O plenário seguiu o voto da corregedora Nacional de Justiça, ministra Eliana Calmon, relatora da sindicância 0000701-05.2011.2.00.000. Em seu voto, a corregedora apontou indícios de que o magistrado, quando ocupava o cargo de vice-presidente do TJTO, desrespeitou a ordem de pagamentos de precatórios e, assim, beneficiou credores do estado de Tocantins participantes do esquema. Em troca, segundo a relatora, o magistrado teria recebido vantagens indevidas por intermédio de advogados encarregados do pagamento da propina.

Eliana Calmon indicou também que Carlos Luiz de Souza teve uma evolução patrimonial que não corresponde aos seus vencimentos como desembargador. “Os indícios levantados nos autos precisam ser apurados de forma mais efetiva”, afirmou a corregedora, ao destacar a necessidade de abertura do PAD, baseando-se na Resolução 135 do CNJ.

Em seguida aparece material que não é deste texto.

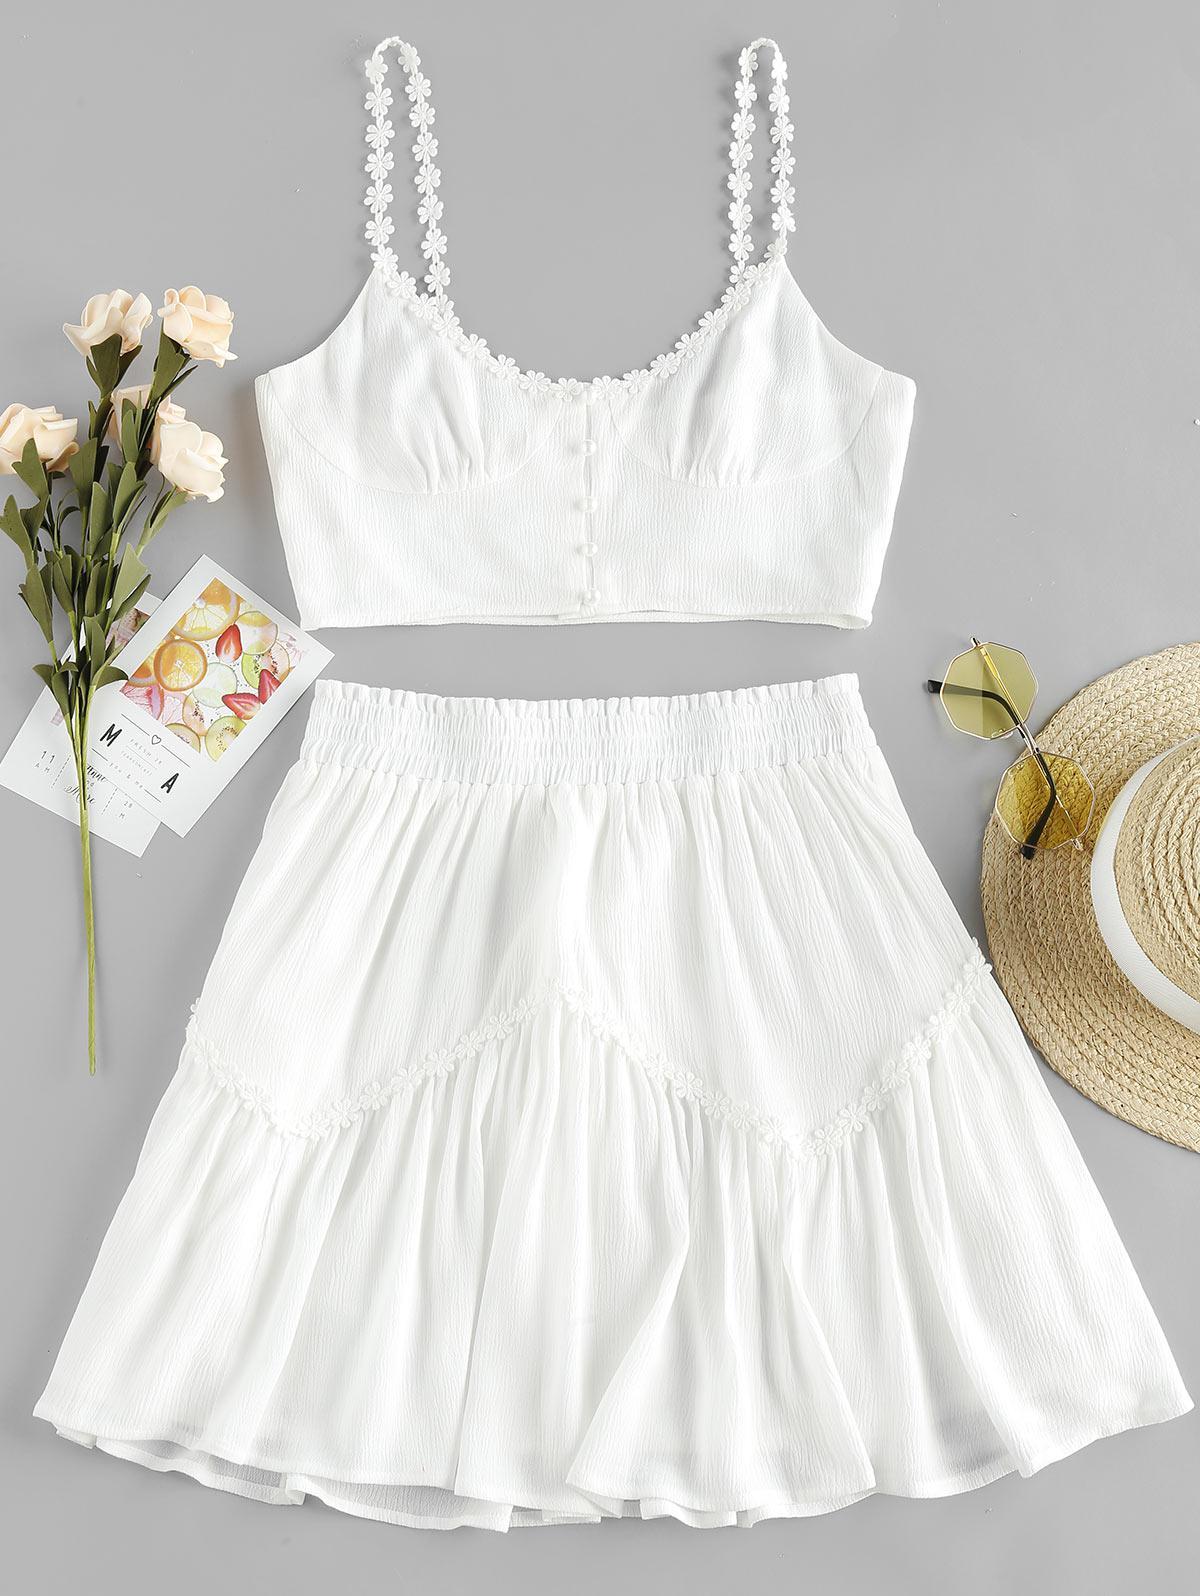 ZAFUL Flower Applique Button Up Mini Skirt Set thumbnail

A decisão do plenário de afastar o magistrado de suas funções foi tomada sem prejuízo de determinação semelhante já proferida pelo Superior Tribunal de Justiça (STJ), onde o desembargador é investigado por suspeita de corrupção passiva, formação de quadrilha e envolvimento em fraudes com os precatórios. Em dois processos judiciais, no julgamento de recursos impetrados pelo magistrado, o STJ concluiu que houve favorecimento indevido ao desembargador.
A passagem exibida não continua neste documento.